Reduces stress & anxiety:
Ashwagandha is an adaptogen herb. Adaptogens are herbal supplements that work to counteract the effects of stress in the body. Amongst many benefits of Ashwagandha, the most important is that it is a natural way to enable our kids’ bodies to handle and tolerate stress way better. Studies have shown that Ashwagandha is an excellent stress reliever and thus can be extremely helpful for our children and teenagers.
Promotes better sleep & relaxation:
This herb can help children to improve sleep and thus helps in improving overall well-being. Moreover, research also suggests that ashwagandha root contains natural sleep-inducing compounds which are not addictive by nature.
Brahmi:
Brahmi, also known as ‘Bacopa monnieri’, is a perennial herb which is popular as a traditional medicine all around the world. It is regarded as a mental tonic that increases memory power, focus, concentration and improves mental alertness which are very important for growing children. There are many other health benefits of Brahmi for kids and that is why it is one of the top ayurvedic herbs.

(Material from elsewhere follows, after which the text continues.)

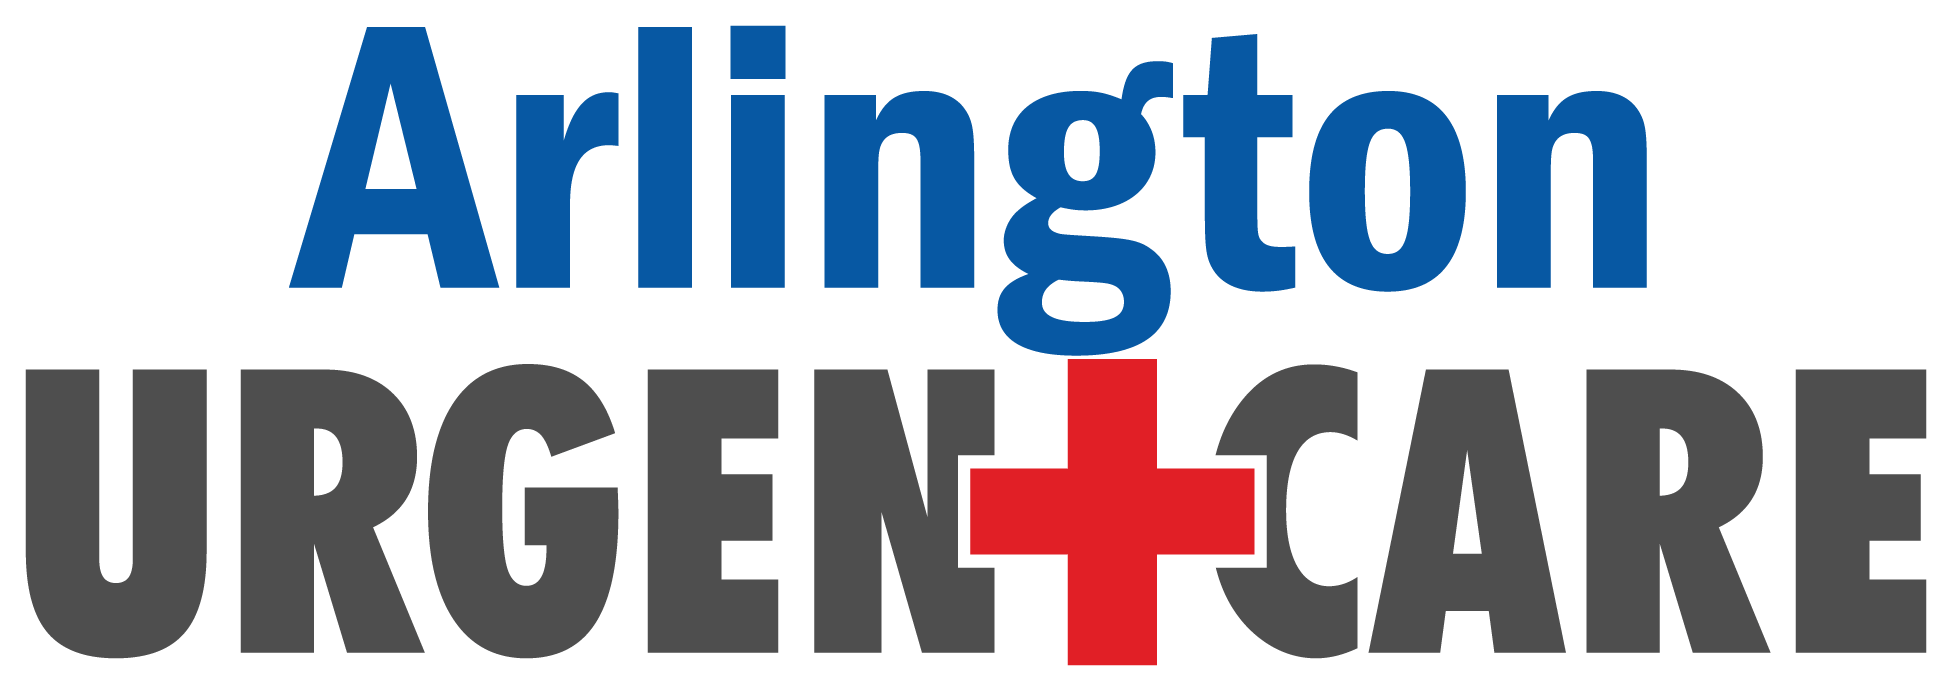 Arlington Urgent Care logo

Health Benefits of Brahmi for kids:
Considered a brain tonic:
Brahmi is a superfood for the brain and is believed to sharpen the brain by protecting cells and increasing chemicals associated with learning and memory. It has shown to improve spatial learning and retaining power in kids. Studies have shown that the active components in Brahmi have very positive effects in maintaining brain health. That is why in older times, kids were often given Brahmi powder with ghee/honey. This would increase their focus and attention, while keeping them calm and relaxed. (Brain development food for children?)
Boosts Immunity:
Regular consumption of this herb can strengthen your child’s immune system. Bacosides, the active ingredient in Brahmi, can neutralise free radicals and prevent fat molecules from reacting with the free radicals, thereby maintaining high immunity in the body.
Reduces Stress:
Eating brahmi decreases the levels of cortisol in the body, which is a stress hormone. Also, it lowers the effects of stress and makes one feel relaxed and calm.

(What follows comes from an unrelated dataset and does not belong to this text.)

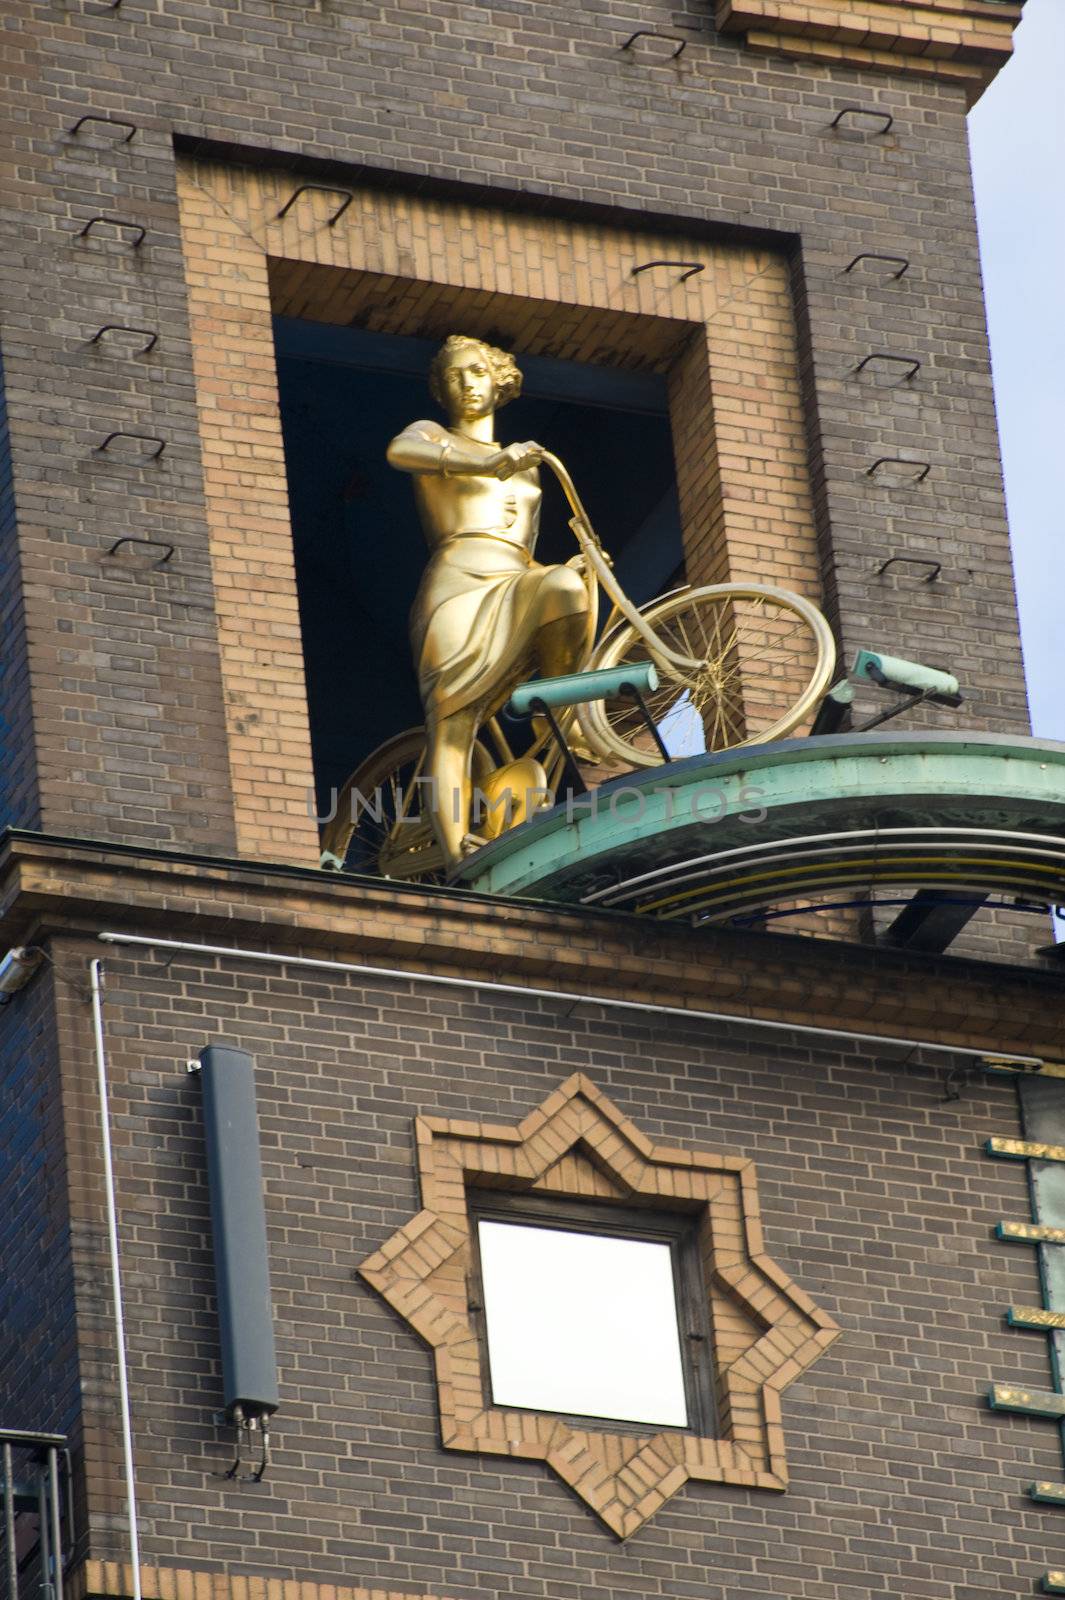 Sculpture of women the cyclist on a building facade in Copenhagen, Denmark. Taken on June 2012.

Improves respiratory health:
Brahmi has been used in many ayurvedic treatments for congestion, bronchitis, sinus, and cold. It can help to clear excess mucus and phlegm and decrease the inflammation in the respiratory tracts and throat thereby providing you instant relief.
Supports Digestion:
Brahmi improves the digestive strength and aids proper digestion of food. It helps in treating AMA Dosha (As per Ayurveda, AMA dosha is related to undigested food caused by weak digestion.)
Treats Epilepsy:
For thousands of years, the leaves of the herb have been used to treat epilepsy. Brahmi capsule sharpens the brain by protecting cells, increasing learning and memory power. Studies suggest that it is very helpful in preventing epileptic fits and other forms of mental diseases such as neuralgia and bipolar disorder. (What is epilepsy?)
Turmeric/Curcumin:
Turmeric is a a very common root that is used as a seasoning in many Indian recipes. There are many health benefits of turmeric milk for kids and turmeric in general.

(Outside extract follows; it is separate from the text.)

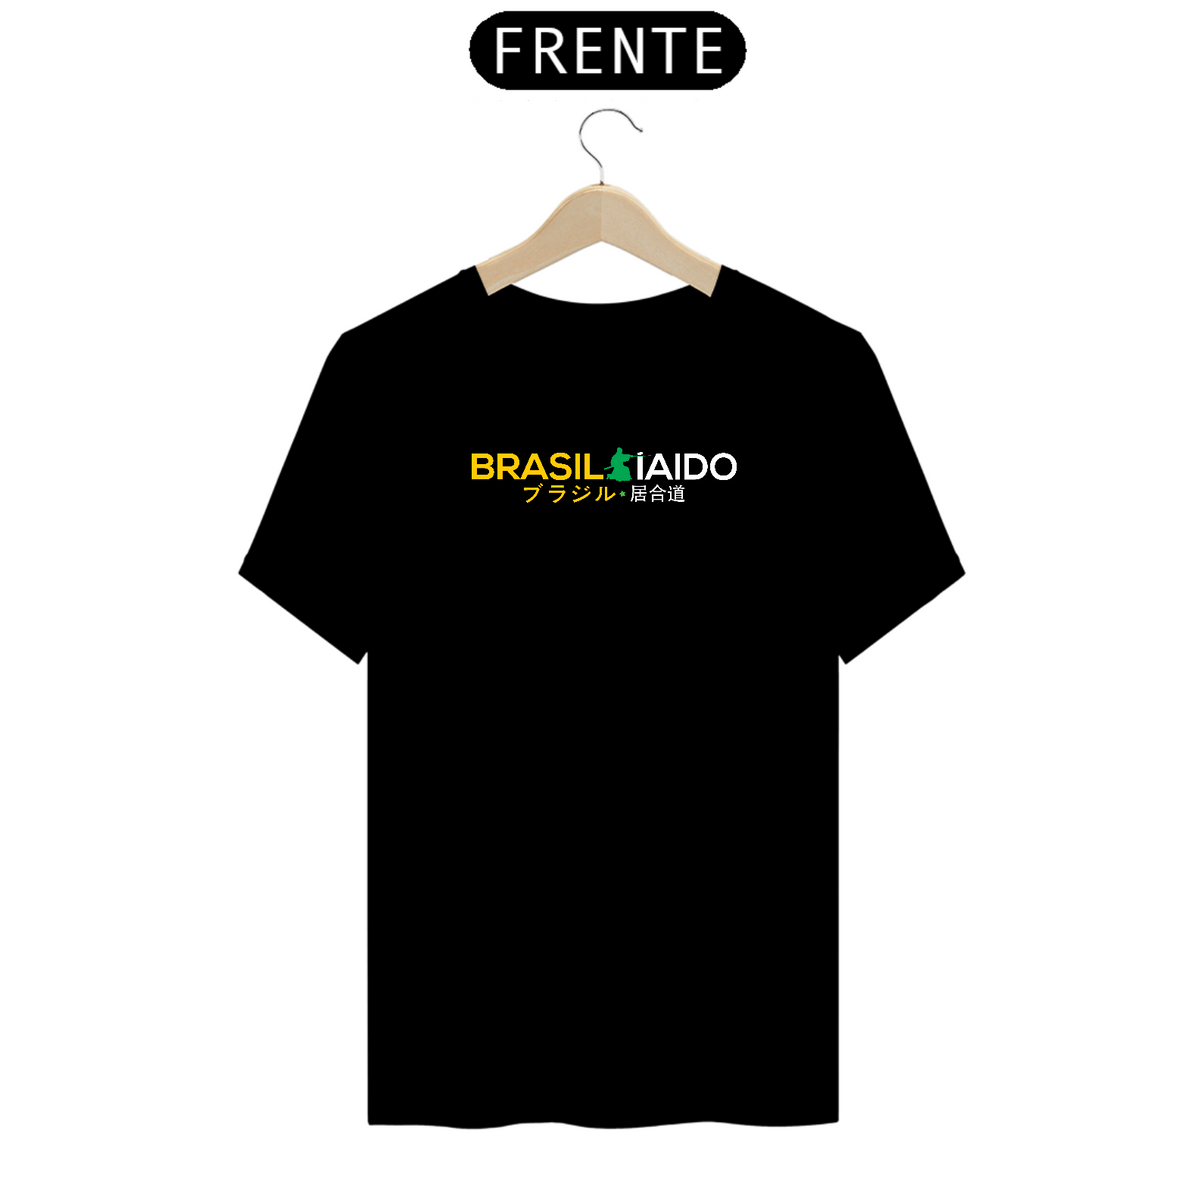 Nome do produto: Iaido Brasil

THEHealth Benefits of TURMERIC for kids:
Fights infections:
Children have a tendency to develop fevers and illnesses caused by bacteria and viruses. The antimicrobial property of turmeric helps keep these diseases at bay and can speed up the recovery process.
Boosts immunity:
Young children have a developing immune system that may not be strong enough to ward off potent germs. Curcumin in turmeric fortifies the immune system’s response to foreign bodies that attack the system. (What are some other foods for immunity?)
Improves digestion:
Children often complain of stomach aches and upset tummies. Turmeric helps with the process of digestion by increasing bile production and regularizing bowel movement. Turmeric milk helps to cleanse the system.
Supports brain development:
Curcumin has a protein known as brain-derived neurotrophic factor (BDNF) which is found in the brain and spinal cord. This plays a key role in keeping nerve cells healthy, as well as regulating communication between nerve cells, which is critical for learning and memory for kids. Research has proven a positive impact of curcumin supplementation on BDNF levels.
Relieves congestion and cold:
Warm turmeric milk is a great beverage for kids to treat the common cold and a sore throat. One glass before bedtime can temporarily help clear out the nasal passage and let your child sleep peacefully. (What are some home remedies for cough and cold?)
Acts as an antioxidant:
Curcumin is a compound found in turmeric that offers therapeutic relief. It is a very strong antioxidant which supports the body against cell damage. And helps to delay or reverse diseases. In addition, it also lowers the risk of cancer, cardiovascular disease and neurodegenerative diseases.
Mulethi/Licorice:
Mulethi is also called Yashtimadhu in Ayurveda. It is also one of the top ayurvedic herbs well-known in Indian treatment. It is used for several purposes, especially for kids. Also, the roots are the main part of the plant and used in several health issues.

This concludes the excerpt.